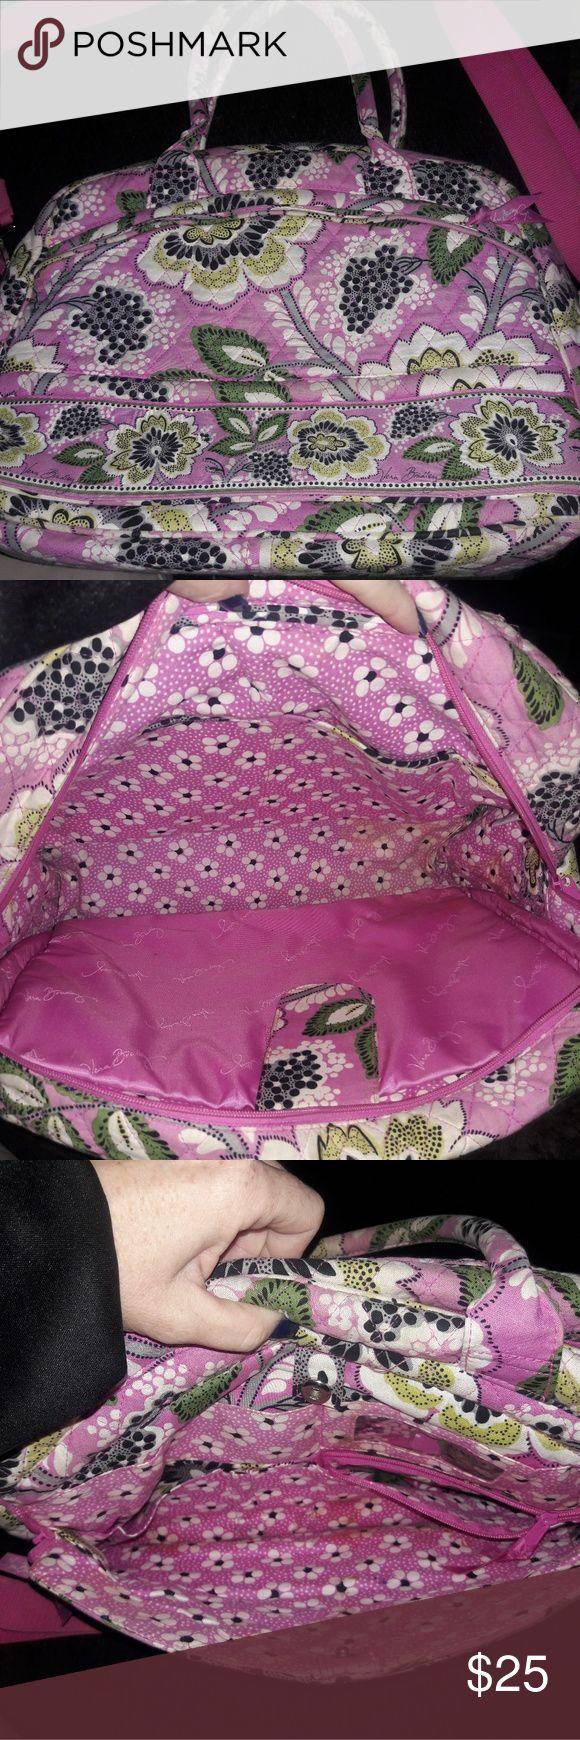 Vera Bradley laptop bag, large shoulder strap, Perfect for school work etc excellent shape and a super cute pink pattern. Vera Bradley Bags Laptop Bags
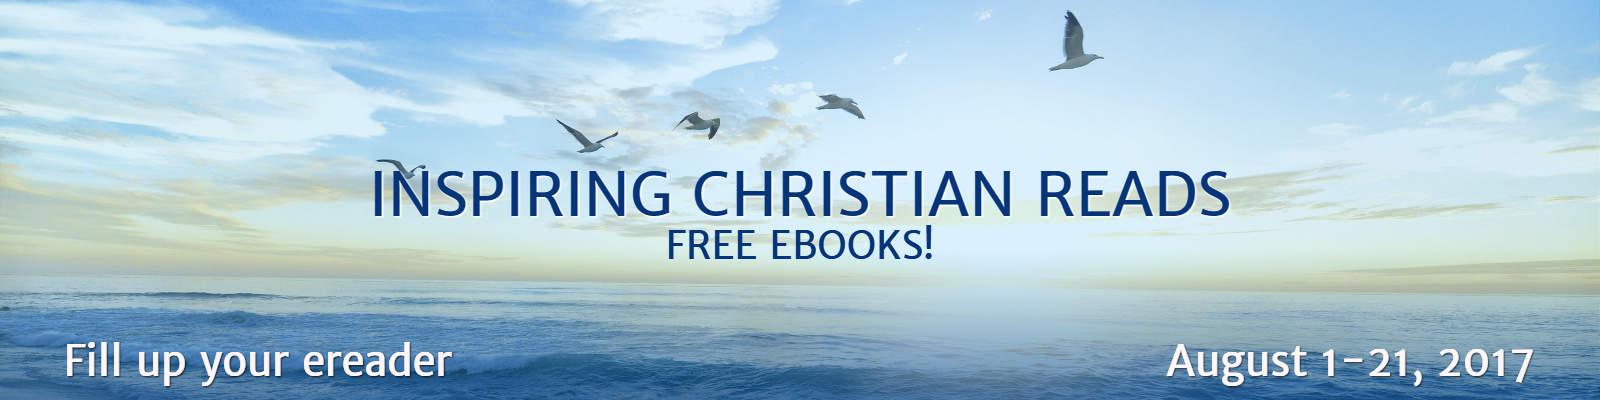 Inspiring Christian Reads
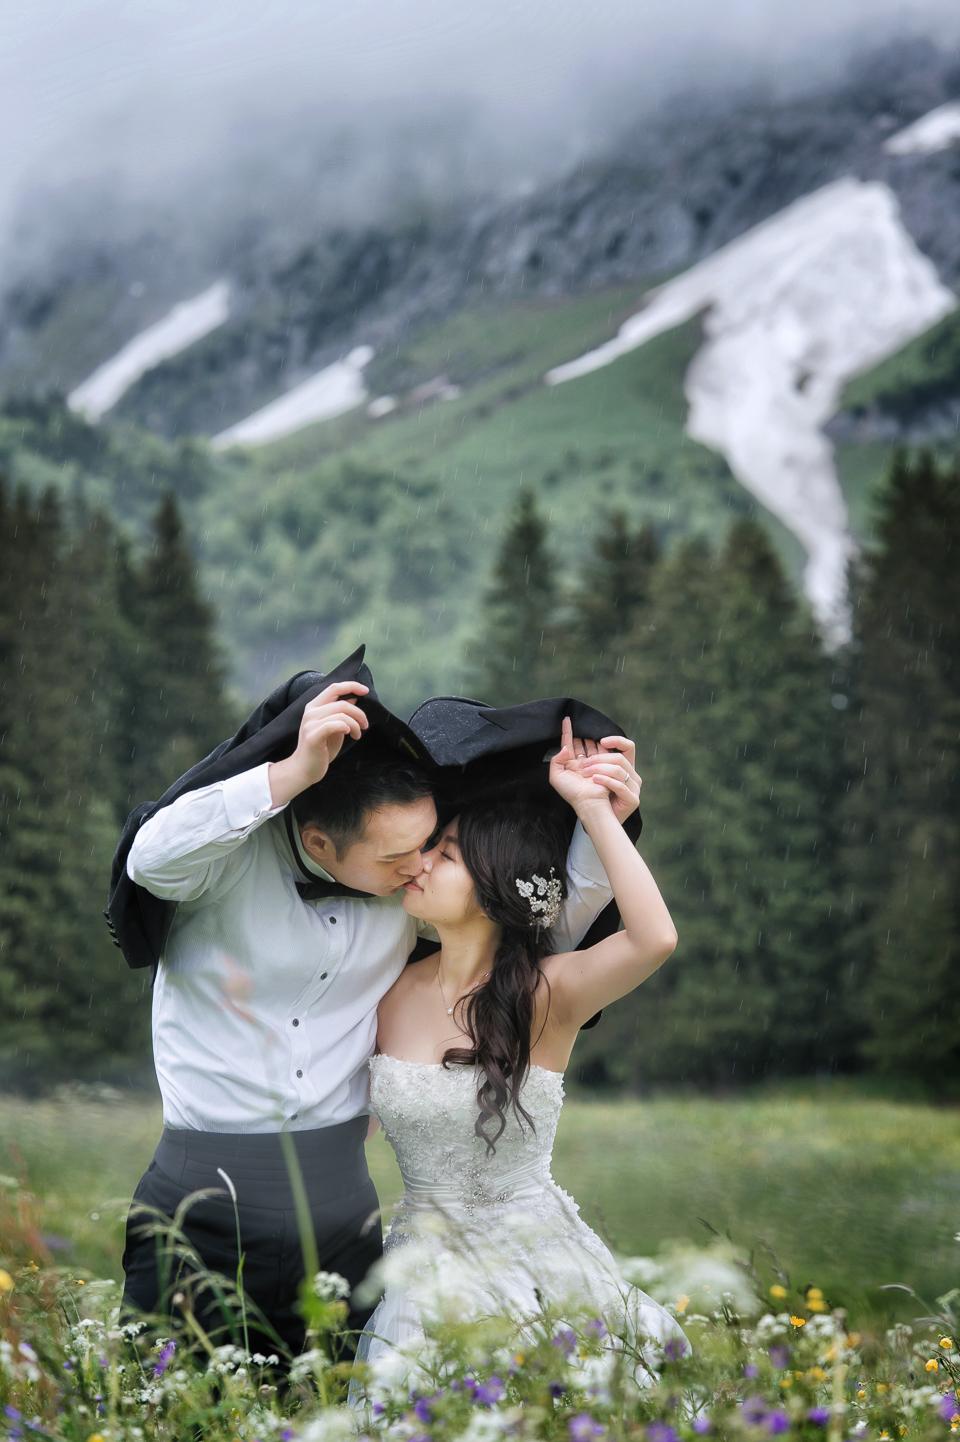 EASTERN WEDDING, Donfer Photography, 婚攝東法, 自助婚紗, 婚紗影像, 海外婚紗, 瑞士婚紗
* * *
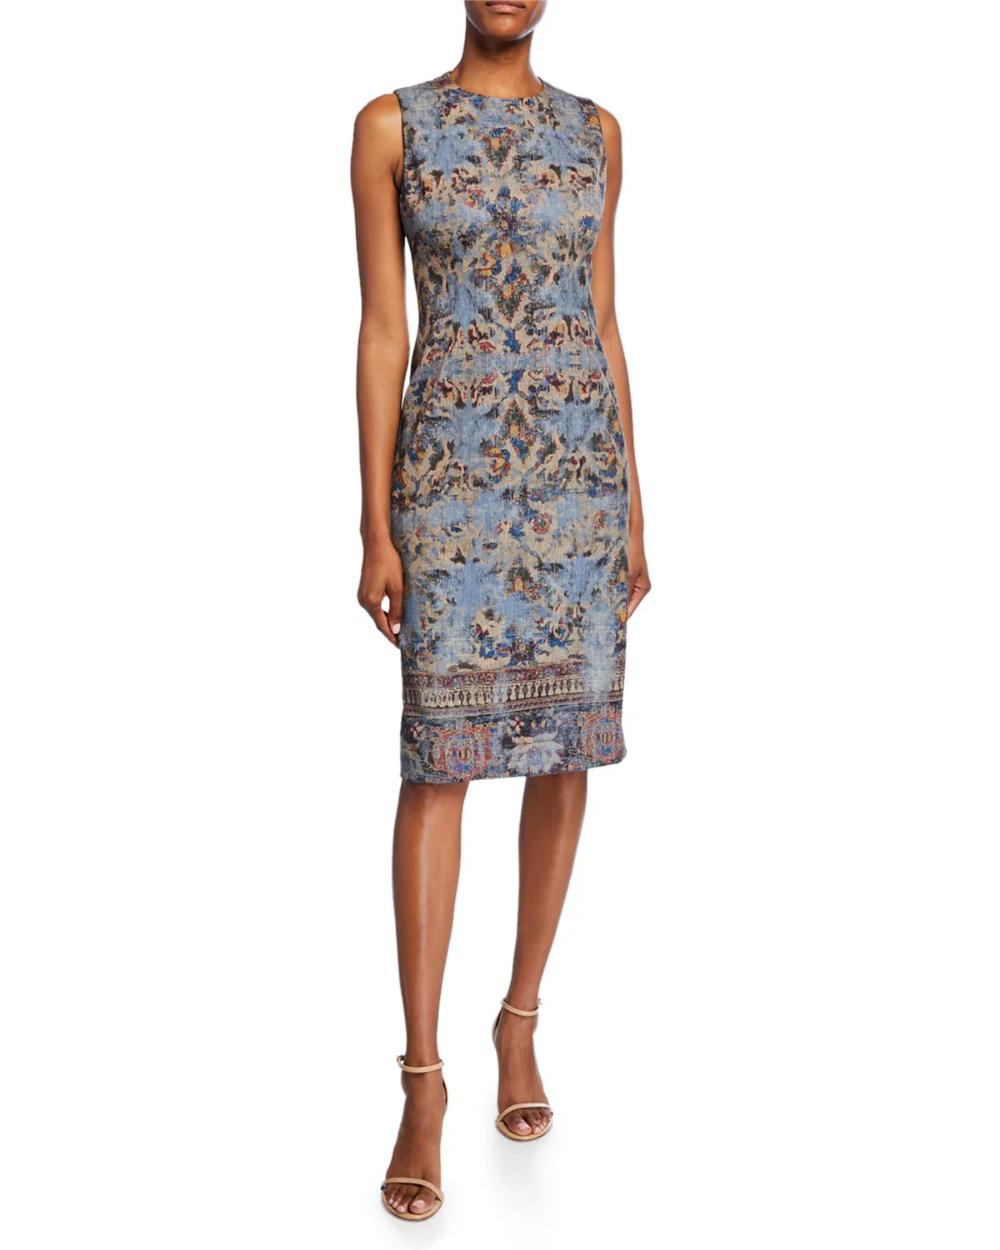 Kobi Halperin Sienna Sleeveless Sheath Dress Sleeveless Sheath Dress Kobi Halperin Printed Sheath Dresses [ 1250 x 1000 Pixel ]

## What the exercise asks
Look above for the line with "Vera Bradley laptop" and copy exactly from it through the line with "EASTERN WEDDING, Donfer", both included. Omit the pictures.

## Response to this exercise
 Vera Bradley laptop bag, large shoulder strap, Perfect for school work etc excellent shape and a super cute pink pattern. Vera Bradley Bags Laptop Bags
 Inspiring Christian Reads
 EASTERN WEDDING, Donfer Photography, 婚攝東法, 自助婚紗, 婚紗影像, 海外婚紗, 瑞士婚紗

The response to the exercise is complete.